Внутри уютно, а от официантки, полной девушки на пару лет старше меня, волнами исходит дружелюбие. Крис сходу заказывает бокал красного вина и, уточнив, что я буду пить, стакан апельсинового сока. Затем мачеха погружается в изучение меню. Право выбора еды – всегда за ней. И она обязательно должна заказать какое-то особенное, неординарное блюдо. Это наша маленькая традиция, сложившаяся во время редких поездок в Москву. Когда официантка возвращается с напитками, Крис хитро подмигивает мне и просит пиццу с брезаолой и страчателлой. Девушка хвалит выбор и уходит.

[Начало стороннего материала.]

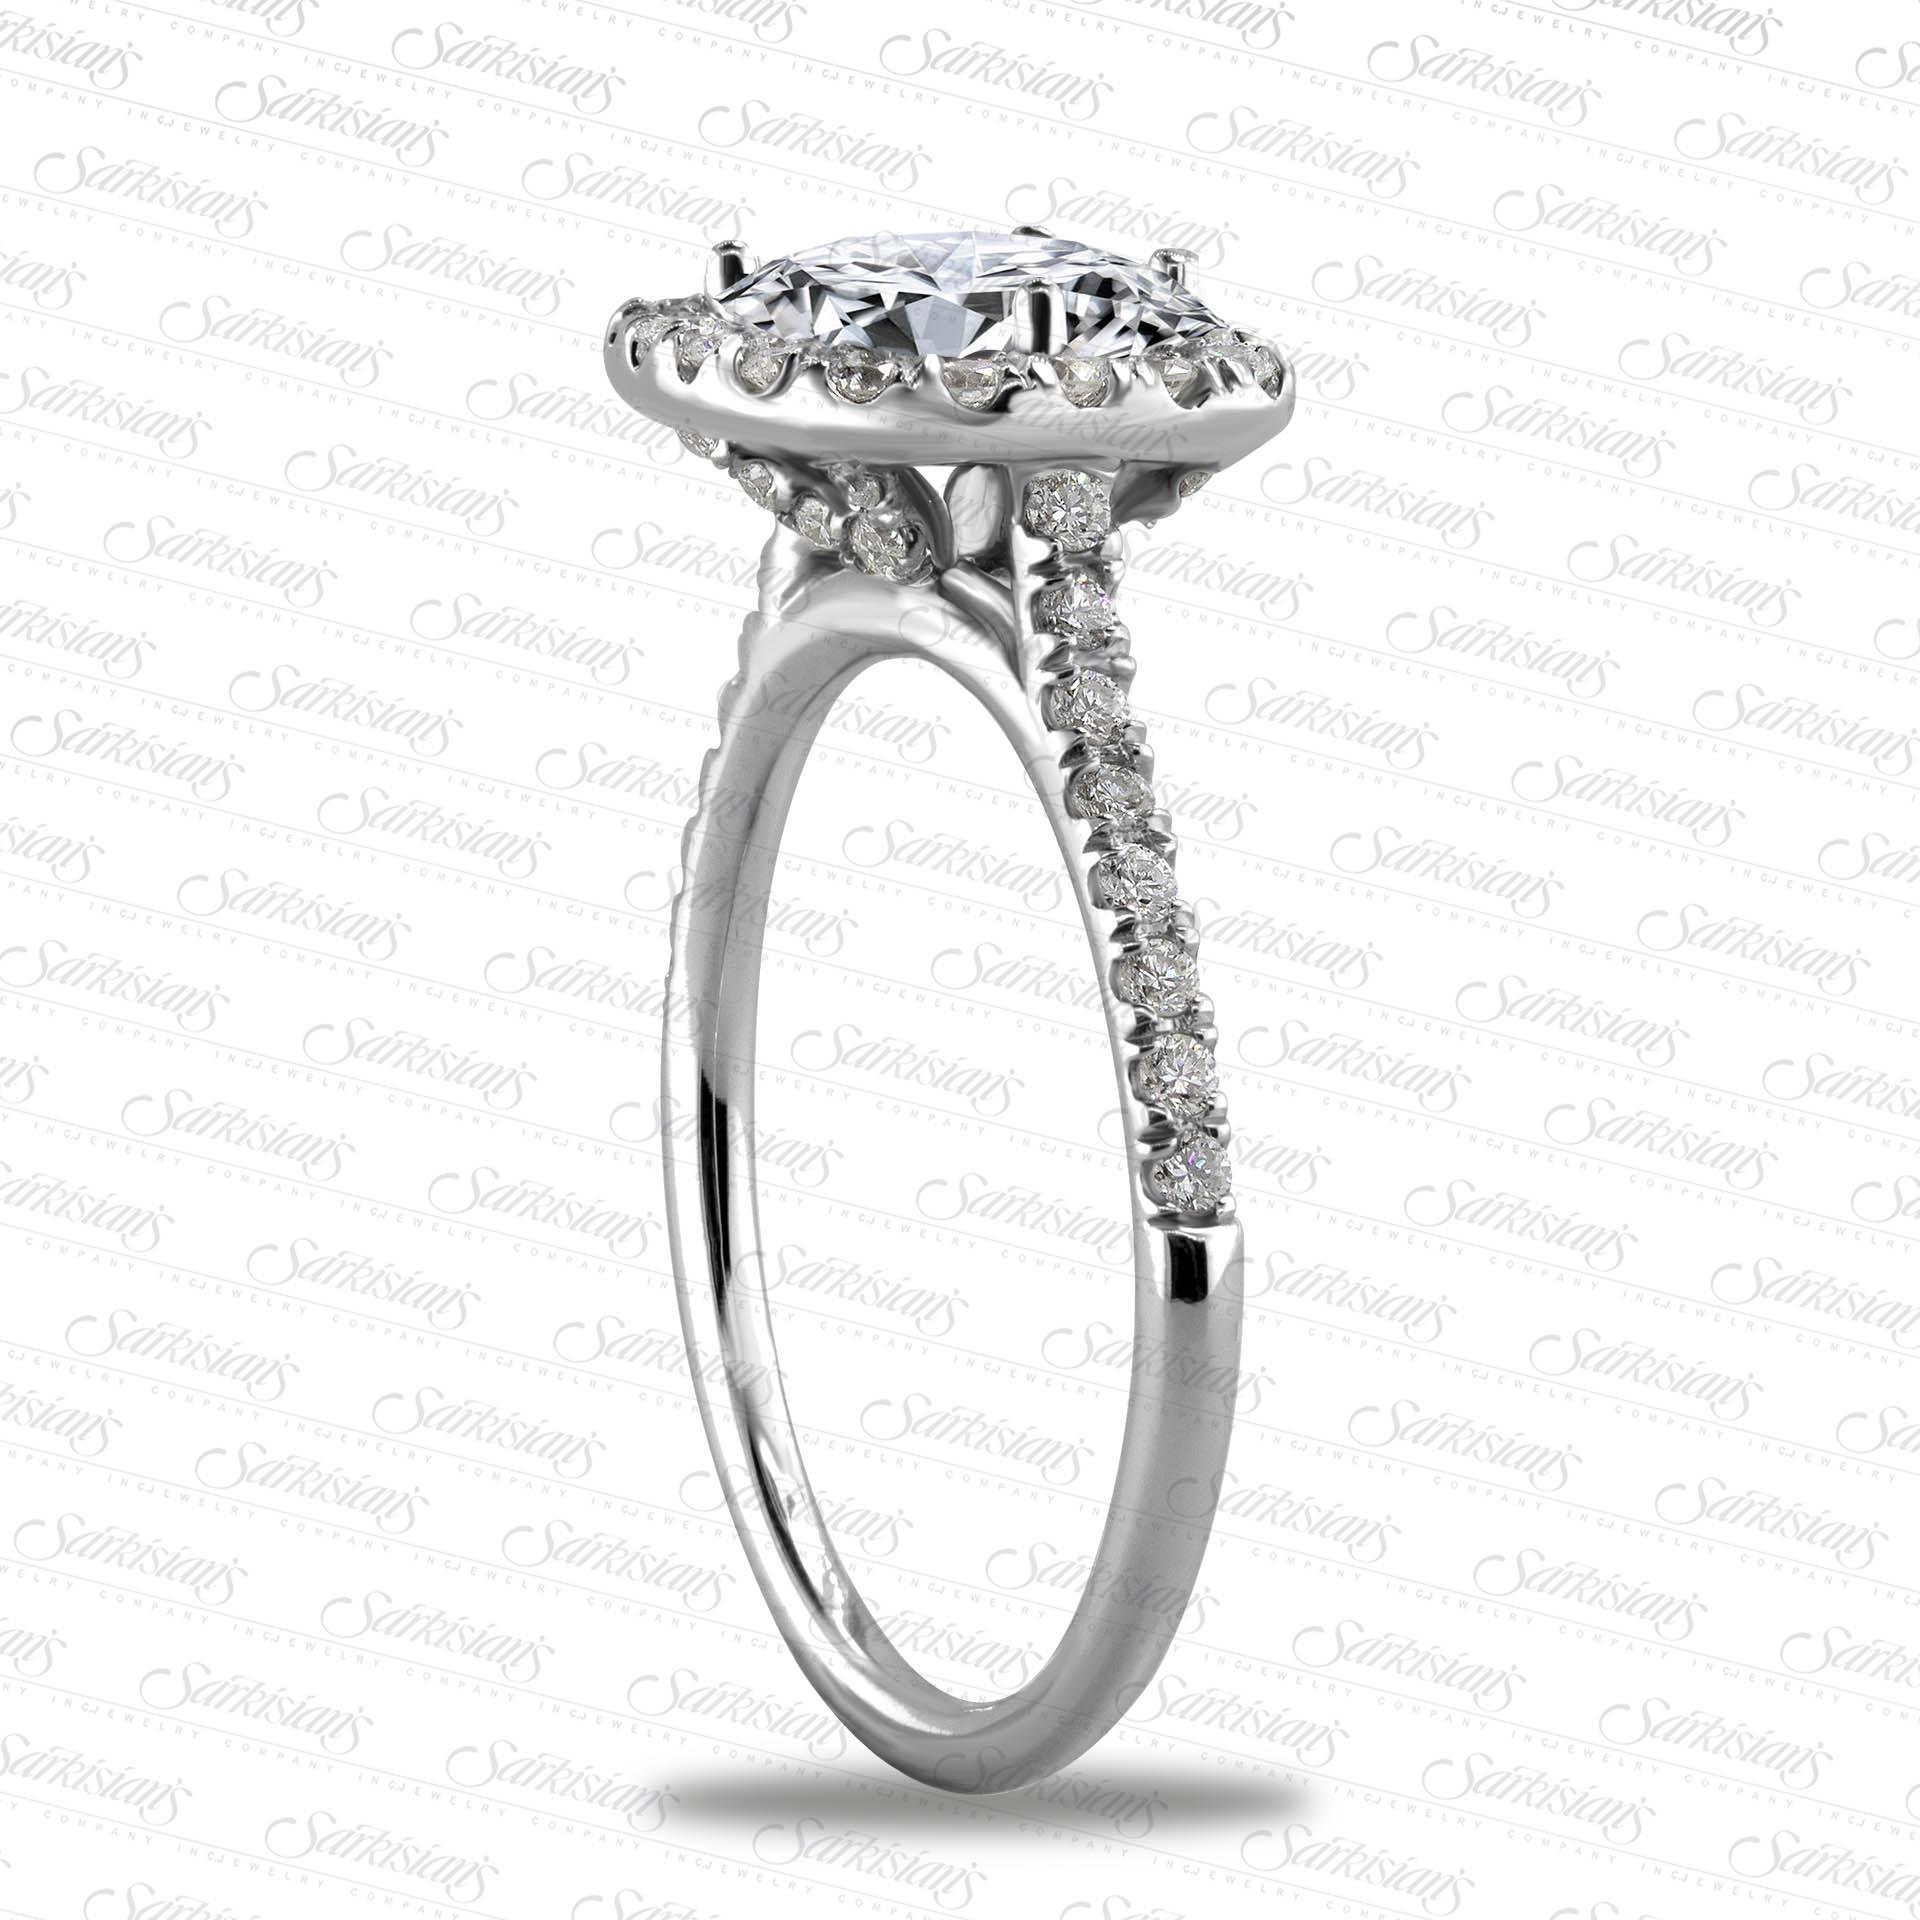 Cushion Halo Diamond Engagement Ring Gold Or Platinum

– Понятия не имею, что это, но звучит обалденно. Как будто мы правда в Италии. – Мачеха вздыхает и поднимает бокал. – Ну. За переезд! И пусть смерть неизвестной старушки не омрачит нам этот чудесный день.
Бокал стукается о стакан.
Пицца слегка разочаровывает размером, но не вкусом. Съедаю один кусочек, чтобы Крис больше досталось: она любит сытно покушать, а я почти не голодна.
Ресторанчик заполняется людьми, и мне становится не по себе. Чувствую вину и лёгкое раздражение. Да, чтобы кому-нибудь навредить, мне вначале нужно с ним сблизиться. По крайней мере, так было раньше. Но что, если правила изменились? Зараза мутировала и теперь способна поражать незнакомцев? Таких, как Беленькая…
Крис только-только заказала второй бокал и скроллит в телефоне. Наверняка листает фотки Изи. Я ёрзаю на стуле. Людей уже так много, что официанткам приходится отказывать новым посетителям. Рядом с нами размещается толпа подружек. Взглядываю на них искоса и невольно считаю. Их семь. Семь девушек. Примерно моего возраста.
Мне становится тяжело дышать. Хватаю салфетку, промакиваю лоб и спрашиваю у Крис:
– Ничего, если я пойду домой?
– М-м? – Мачеха поднимает глаза.
– Пойду, говорю. Всю дорогу сидела и опять сижу. Пятая точка уже отваливается. Хочу поваляться.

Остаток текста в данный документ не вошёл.